Malgré la Covid-19 et les mesures barrières mises en place au Sénégal, les gargotes, ces lieux de restauration pour le petit peuple, continuent d’être fréquentése.
Madame Ndiaye est une restauratrice qui travaille depuis 2019 à la Médina, vieux quartier jouxtant le centre-ville de Dakar. Elle est aidée chaque soir par ses enfants pour préparer et servir les mets qu’elle offre dans sa gargote. Elle porte un masque de protection et souvent des gants durant ses prestations. « En 2019 nous avions beaucoup de clients, mais maintenant, ce n’est plus ça », déplore-t-elle.
Les gargotes sont de petits restaurants de rue, construits à la va vite. Ils sont pour la plupart fréquentés par toutes sortes de gens, mais surtout par les personnes aux revenus modestes. De manière générale, les gargotes ne respectent pas toujours les normes d’hygiène.
L’apparition du premier cas de Covid le 2 mars 2020 au Sénégal a suscité une série de mesures, dont la limitation des rassemblements et l’observation des gestes barrières, dont la distanciation physique dans les lieux publics.
Dans les gargotes aussi les gens ont eu peur. «Depuis l’apparition de la Covid-19 les gens hésitent à acheter », explique Mme Ndiaye qui dit faire des efforts pour garder son lieu de commerce sain.
Dans le quartier populaire de la Médina, se trouvent nombre de ces gargotes. Dans un de ces restaurants de fortune tenu par des femmes originaires de Guinée, aucune mesure barrière n’est respectée. Ni vendeur, ni client ne porte de masque. La gargote est très bruyante. À l’entrée, le personnel fait la cuisine. La caissière assise sur sa chaise, se joint de temps en temps aux cuisiniers.
Pourtant, les autorités ont fixé, et parfois imposé, des mesures barrières pour limiter la propagation du virus : port des masques, lavage régulier des mains avec du savon ou une solution hydro alcoolique, tousser ou éternuer dans le coude ou dans un mouchoir à usage unique. Si aux moments de pic de la maladie, comme lors de la « 3è vague » en juillet et août 2021, les populations avaient commencé à se méfier de ces lieux de restauration bon marché mais sans grande hygiène, aujourd’hui, les populations sont redevenues moins craintives. Elles ont repris leurs habitudes dans les gargotes.
Fadel Castro, un jeune étudiant Comorien, établi au Sénégal depuis 2012, qui vit dans le quartier de la Médina, fréquente parfois ces gargotes. Il confie que ce « n’est pas très hygiénique, mais on fait avec. Avec la Covid je me méfie, mais même avant j’étais déjà méfiant ».
Monsieur Backa Diagne, nutritionniste et diététicien sénégalais, explique que manger dans les gargotes est risqué : « le fait que les gens s’y rassemblent en temps de Covid-19 pose problème. Il y a un grand manque d’hygiène et de réglementation dans ces lieux », affirme-t-il.
Tout ceci favorise les risques de contracter des maladies, chez les clients et même chez le personnel, et fait des gargotes, des lieux stratégiques de transmission du coronavirus
La majorité de ceux qui ouvrent des gargotes ne suivent pas toujours les règles administratives de l’ouverture des restaurants, ou même des snacks.

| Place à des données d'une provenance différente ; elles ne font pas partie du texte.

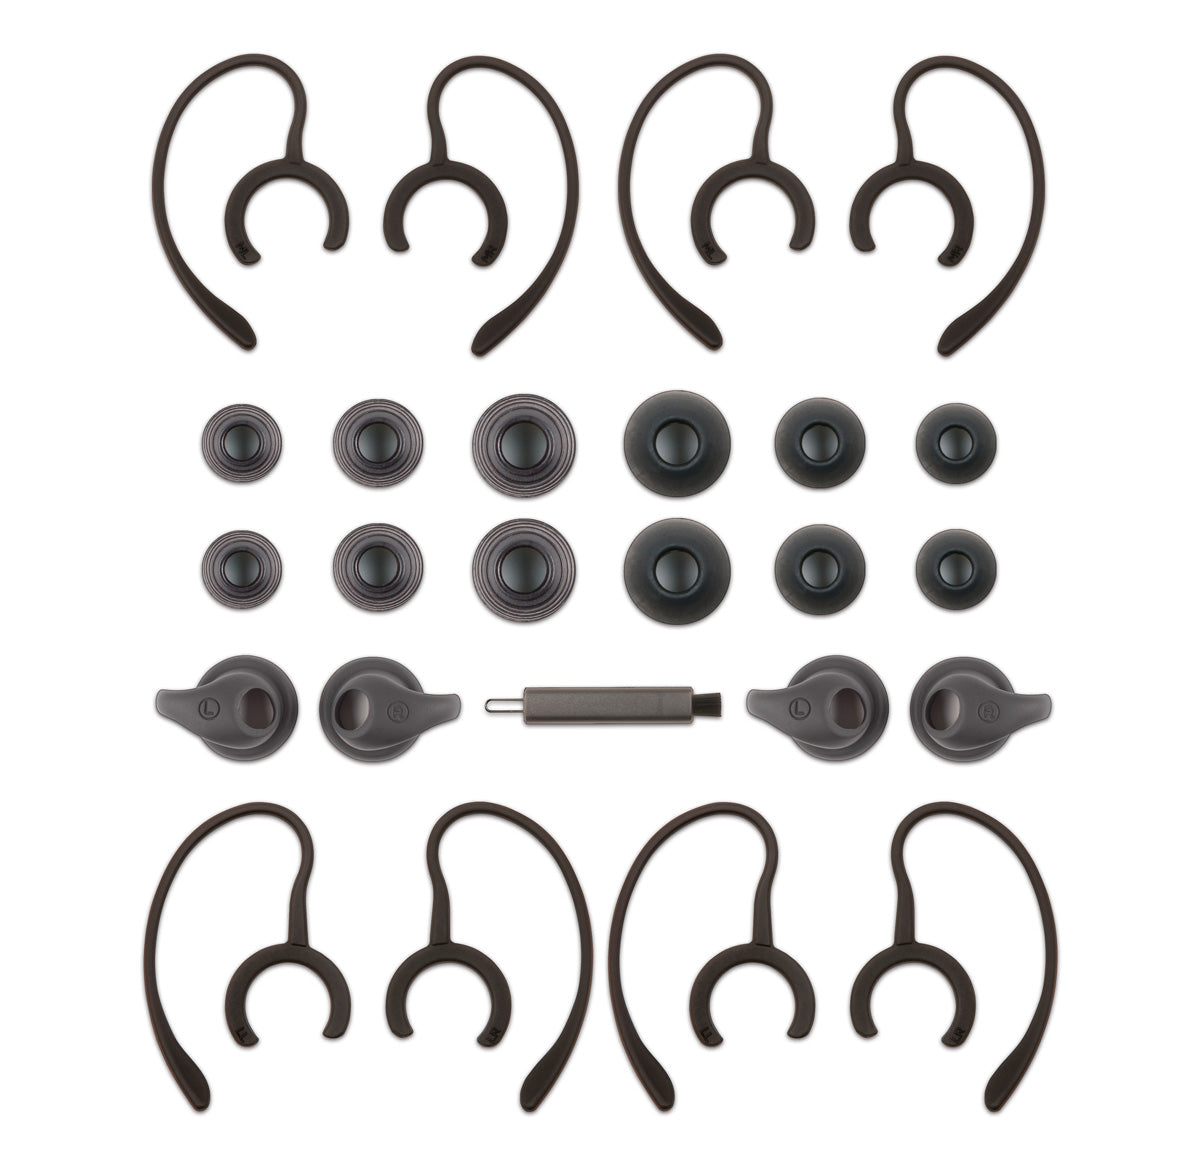 Audeze Replacement accessories kit for iSINE includes 4 sets of curved  earhooks, 3 sizes ear tips, & ear fins-silicone eartips-Audeze-PremiumHIFI

Au Sénégal, avant d’ouvrir un service de consommation, quel qu’il soit (bar, restaurant, fast-food, gargote), « il faut impérativement avoir une autorisation de vente », explique le lieutenant Armand Seck, commandant de la brigade d’hygiène à Dakar.
En plus de l’autorisation de vente du préfet, les vendeurs doivent s’assurer d’être aptes physiquement et biologiquement, cela en faisant des visites médicales périodiques, chez des médecins agréés, ajoute le lieutenant. Les locaux doivent aussi être salubres, et c’est là où le service d’hygiène intervient, pour s’assurer que toutes ces règles sont respectées.
En principe, les contrôles par les agents du service d’hygiène au Sénégal dans les gargotes sont faits au moins une fois par mois.
Dans le quartier de la Zone A, à Dakar, Fallou Diagne tient sa gargote depuis 2015. Comme madame Ndiaye, la restauratrice de la Médina, Fallou est conscient des exigences de certains clients quand il s’agit de l’alimentation. Il affirme ne jamais avoir eu d’altercations avec les services d’hygiène, car il dit veiller sur la propreté de son lieu de travail. « Je porte mon masque, je désinfecte mes mains avec du gel, je porte des gants, à un moment, je n’acceptais pas de prendre l’argent à la main », déclare Fallou.
En tant qu’hygiéniste, le lieutenant Seck, commandant de la brigade d’hygiène à Dakar, dit sensibiliser les restaurateurs, leur personnel ainsi que les clients, afin que le nombre d’infections dans les gargotes soient limités. Un vrai défi.